Since these changes touch a lot of code, I am holding further pull requests pending merge of this #25.

kstaats commented 3 years ago

Richard,

Since these changes touch a lot of code, I am holding further pull requests pending merge of this #25.

I fully understand and appreciate all you have done to improve Karoo. I look forward to diving into your changes, as soon as I am able.

In the mean time, let's discuss this a bit more, off-line.

Cheers, kai

kstaats commented 3 years ago

Richard,

Per our prior communications, I truly appreciate all the work and effort you have put into Karoo GP. I cloned your branch and ran it through a number of tests, to determine if the overall behavior had in any way changed, as compared to the prior version.
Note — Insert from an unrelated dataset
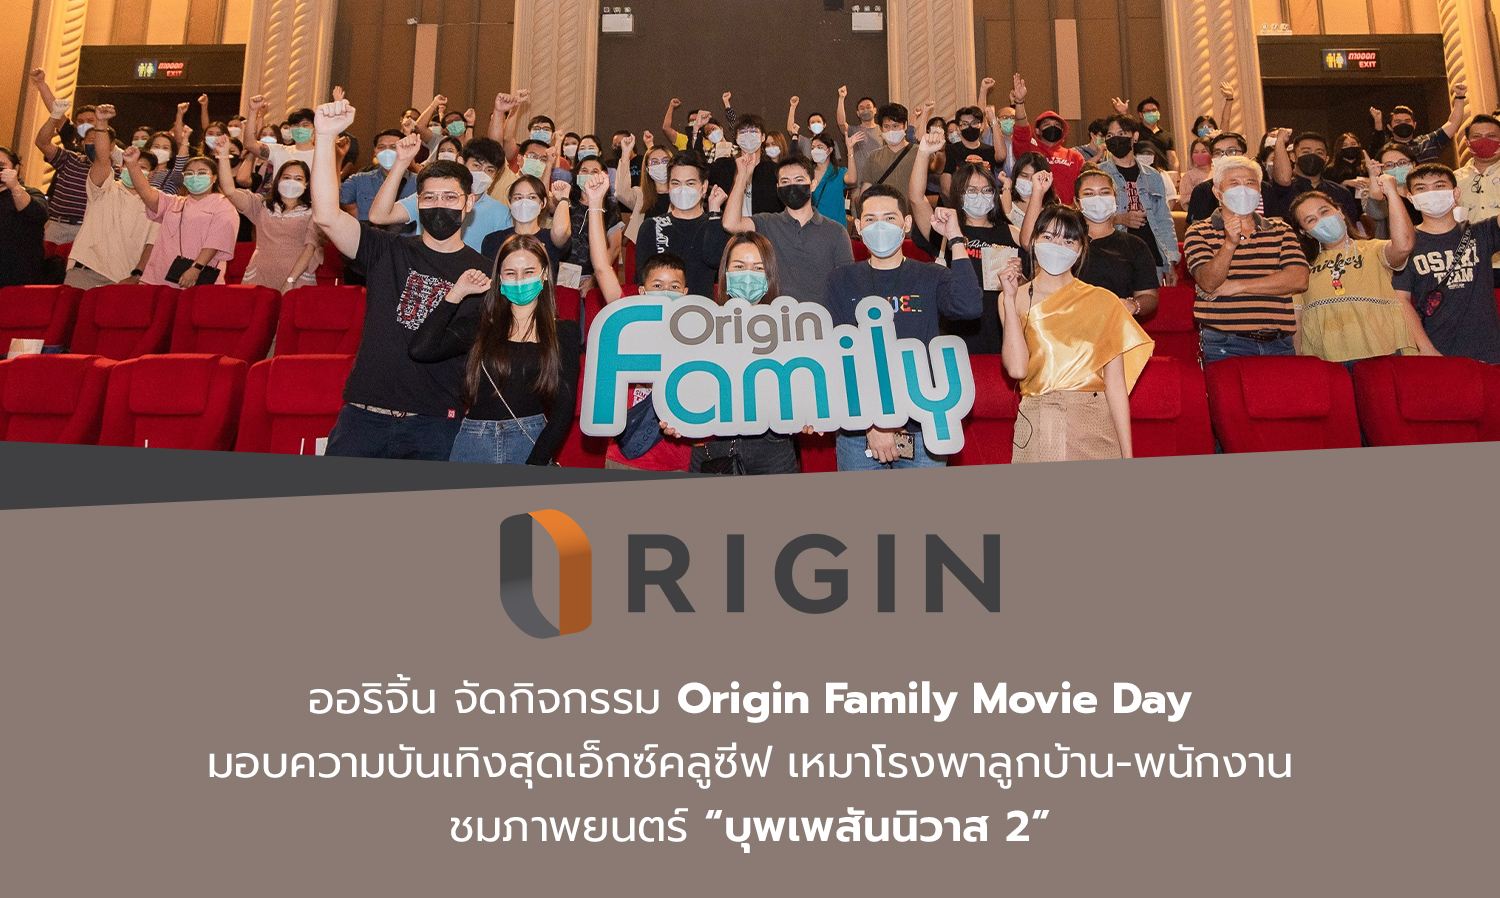 ออริจิ้น จัดกิจกรรม Origin Family Movie Day มอบความบันเทิงสุดเอ็กซ์คลูซีฟ เหมาโรงพาลูกบ้าน-พนักงานชมภาพยนตร์ “บุพเพสันนิวาส 2”

While you were successful in enabling the unary operators (cos, sin, log, etc.), some of the basic, built-in tests can no longer be solved, or best case, are solved with far more complicated, evolved solutions. This is due to the introduction of potentially several new layers of () which both change the result of the mathematical expression, and keep it from being simplified to something human readable.

An example is to use the Matching function set to a min/max depth of 5:

ORIGINAL The leading Trees and their associated expressions are: 1 : a + b + c 2 : a + b + c 3 : a + b + c 4 : a + b + c 5 : a + b + c 6 : a + b + c 7 : a + b + c 8 : a + b + c 9 : a + b + c 10 : a + b + c ...

for a perfect score of 10.

MODIFIED Tree 1 yields (sym): c + c/a Tree 2 yields (sym): a - b + c + c/a Tree 3 yields (sym): c + c/a Tree 4 yields (sym): c + c/a Tree 5 yields (sym): c + c/a Tree 6 yields (sym): b/a Tree 7 yields (sym): (a + b)((a + c/a)(-ac - a + c) + (b - c)/(a - c))/((bc + b + c)(ab/(b + c(b - c)(ac + a)) - a + bc - c)) Tree 8 yields (sym): c + c/a2 Tree 9 yields (sym): a - b + c + c/a Tree 10 yields (sym): -a - b2 + b + 2*c + c/a ...

where not a single tree was able to find the correct solution, over multiple runs.

With the Iris Dataset Classification, there is a known, correct solution (see the PDF included in the files/Iris_Dataset PDF).

Also, the NaN and -INF solutions, which are much appreciated may also lead to changed results (in at least one of the tests I ran). Let's take this conversation off-thread and see if we can't find a mutually beneficial solution.

kstaats commented 3 years ago

I have updated and uploaded the revised User Guide. Yes, a number of references to old versions of the code, prior to the prep for PIP install (coming soon!). Thanks Richard!